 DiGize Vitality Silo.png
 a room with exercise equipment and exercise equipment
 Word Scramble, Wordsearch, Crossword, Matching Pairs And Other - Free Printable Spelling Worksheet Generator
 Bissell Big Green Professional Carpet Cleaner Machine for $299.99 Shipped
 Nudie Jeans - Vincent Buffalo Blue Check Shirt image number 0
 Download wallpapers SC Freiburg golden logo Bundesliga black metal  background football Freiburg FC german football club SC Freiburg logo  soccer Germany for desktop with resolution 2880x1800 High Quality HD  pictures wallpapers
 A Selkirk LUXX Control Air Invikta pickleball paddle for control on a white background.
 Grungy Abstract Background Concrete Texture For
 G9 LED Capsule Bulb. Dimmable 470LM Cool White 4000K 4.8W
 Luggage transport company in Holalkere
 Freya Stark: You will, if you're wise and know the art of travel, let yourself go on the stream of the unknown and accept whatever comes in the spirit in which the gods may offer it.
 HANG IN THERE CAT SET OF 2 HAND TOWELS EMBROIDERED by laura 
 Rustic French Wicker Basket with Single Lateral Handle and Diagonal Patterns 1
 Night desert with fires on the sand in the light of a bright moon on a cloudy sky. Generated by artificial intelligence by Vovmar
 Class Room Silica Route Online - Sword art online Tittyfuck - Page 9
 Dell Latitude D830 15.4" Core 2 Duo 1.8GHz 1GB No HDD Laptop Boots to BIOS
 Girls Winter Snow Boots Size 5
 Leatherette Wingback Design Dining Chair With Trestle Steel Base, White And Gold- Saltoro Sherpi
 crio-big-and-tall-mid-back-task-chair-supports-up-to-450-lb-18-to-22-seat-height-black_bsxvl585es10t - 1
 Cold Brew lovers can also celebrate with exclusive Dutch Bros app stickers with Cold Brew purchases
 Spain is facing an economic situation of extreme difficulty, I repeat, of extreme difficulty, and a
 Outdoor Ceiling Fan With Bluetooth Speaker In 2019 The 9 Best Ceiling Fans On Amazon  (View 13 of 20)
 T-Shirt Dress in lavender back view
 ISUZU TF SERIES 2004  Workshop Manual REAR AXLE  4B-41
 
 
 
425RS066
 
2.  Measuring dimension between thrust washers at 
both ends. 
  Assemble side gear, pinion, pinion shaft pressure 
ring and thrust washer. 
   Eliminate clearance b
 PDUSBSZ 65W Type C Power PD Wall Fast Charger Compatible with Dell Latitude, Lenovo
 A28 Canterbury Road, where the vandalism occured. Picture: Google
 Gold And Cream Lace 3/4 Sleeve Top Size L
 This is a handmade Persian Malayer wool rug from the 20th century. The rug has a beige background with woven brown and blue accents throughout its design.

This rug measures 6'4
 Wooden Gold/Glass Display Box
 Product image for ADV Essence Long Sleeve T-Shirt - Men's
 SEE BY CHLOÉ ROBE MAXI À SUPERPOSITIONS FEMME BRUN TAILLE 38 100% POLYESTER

--- About this exercise ---
Using the material above, reproduce exactly the line that contains "This is a handmade" and all lines after it through the last one, and only those.

--- Reply to the exercise ---
 This is a handmade Persian Malayer wool rug from the 20th century. The rug has a beige background with woven brown and blue accents throughout its design.

This rug measures 6'4
 Wooden Gold/Glass Display Box
 Product image for ADV Essence Long Sleeve T-Shirt - Men's
 SEE BY CHLOÉ ROBE MAXI À SUPERPOSITIONS FEMME BRUN TAILLE 38 100% POLYESTER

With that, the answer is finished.